Relationships between equine airway reactivity measured by flowmetric plethysmography and specific indicators of airway inflammation in horses with suspected inflammatory airway disease.

Authors: Wichtel M, Gomez D, Burton S, Wichtel J, Hoffman A

Journal: Equine veterinary journal

Summary

# Editorial Summary Inflammatory airway disease (IAD) in horses remains diagnostically challenging, particularly in young racehorses presenting with poor performance or cough, because clinicians lack consensus on which diagnostic tools best reflect underlying pathology.

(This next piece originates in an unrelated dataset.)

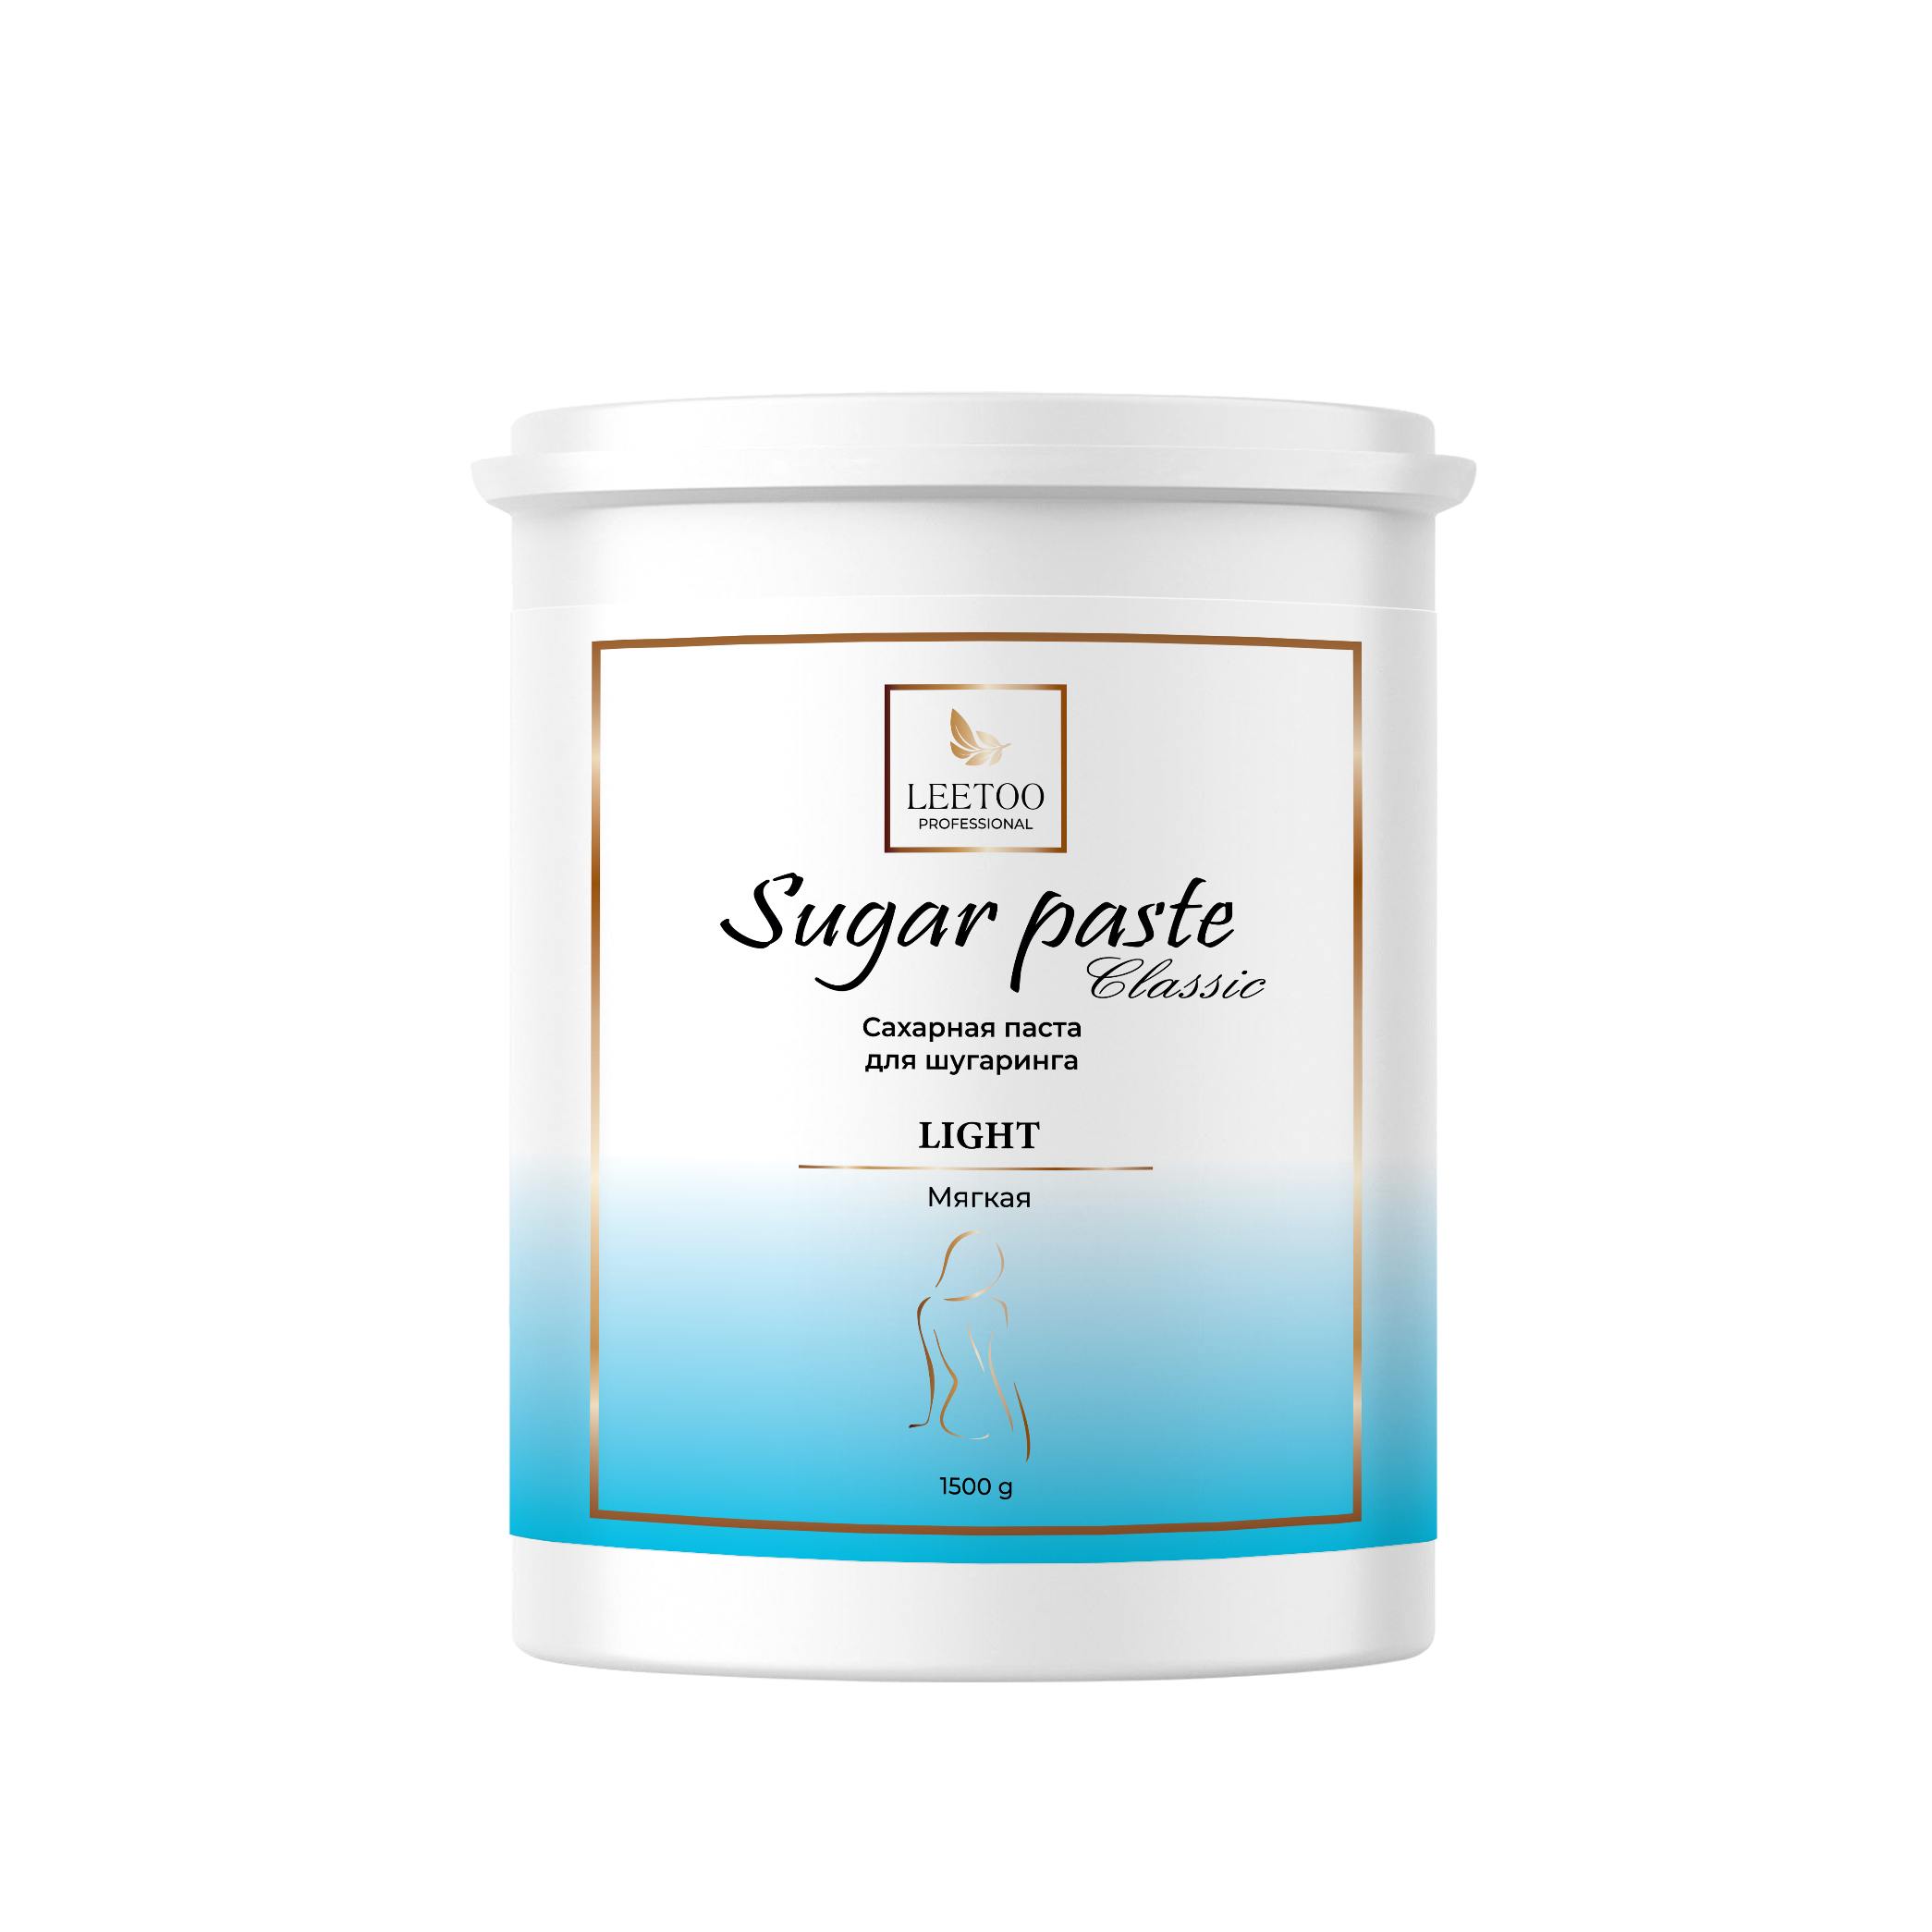 Сахарная паста для шугаринга LEETOO CLASSIC LIGHT Мягкая 1500 г.

Wichtel and colleagues investigated 45 predominantly young Standardbred racehorses using three complementary approaches: flowmetric plethysmography with histamine bronchoprovocation (to measure airway hyperreactivity via PC35 threshold), bronchoalveolar lavage (BAL) cytology (to assess inflammatory cell populations), and endoscopic/tracheal evaluation. Critically, the study found no significant correlation between histamine reactivity and BAL cell counts, meaning these two diagnostic modalities do not validate each other—53% of horses demonstrated airway hyperreactivity whilst only 27% showed abnormal BAL cytology, yet 39% exhibited both abnormalities and 33% displayed one or the other. For practitioners, this lack of concordance indicates that relying solely on BAL cytology risks missing IAD cases in performance horses, since approximately one-third of diagnosed horses would have been missed if only inflammatory cell counts had been evaluated; incorporating reactivity testing via plethysmography appears essential for comprehensive diagnosis in this population.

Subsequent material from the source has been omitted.